Ancillary services of the non-banking type a CSD can provide are services that contribute to enhancing the safety, efficiency and transparency of the securities markets and do not entail credit or liquidity risks. In more detail these include services related to the settlement service, such as organising a securities lending mechanism as agents among participant of a securities settlement system; services related to notary and central maintenance services, such as services related to shareholders’ registers, processing corporate actions like tax and information services, instruction routing and processing and fee collection; collateral management services (as agent), IT services and regulatory reporting.

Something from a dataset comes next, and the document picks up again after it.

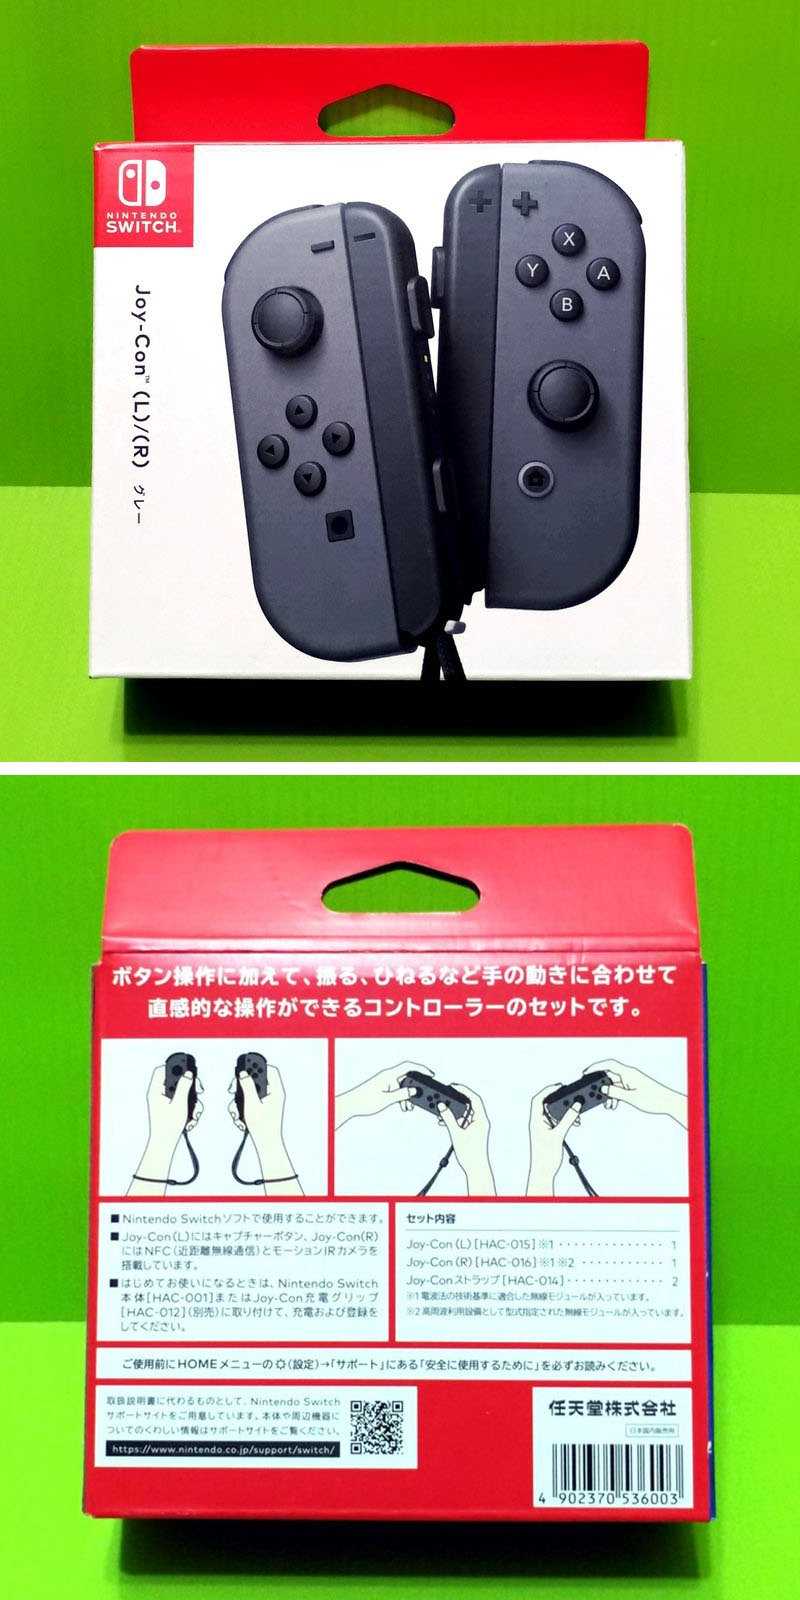 任天堂Nintendo Switch Joy-Con (灰色)原廠左右手把

Ancillary services of the banking type a CSD can provide are those directly related to the core and ancillary services listed above. They include providing cash accounts to and accepting deposits from participants in a securities settlement system and holders of securities accounts; providing cash credit for reimbursement no later than the following business day, cash lending to pre-finance corporate actions and lending securities to holders of securities accounts; payment services involving processing of cash and foreign exchange transactions; guarantees and commitments related to securities lending and borrowing; and Treasury activities involving foreign exchange and transferable securities related to managing participants’ long business (all within the meaning of Annex I to CRD IV). A CSD needs additional authorisation to provide the banking type of ancillary services.

In addition, CSDR envisages that CSDs can provide MiFID services and activities.

  1. It should be noted that Euroclear UK and Ireland Limited itself does not currently enter into “market contracts” and so elements of Part 7 of the Companies Act are not relevant to it.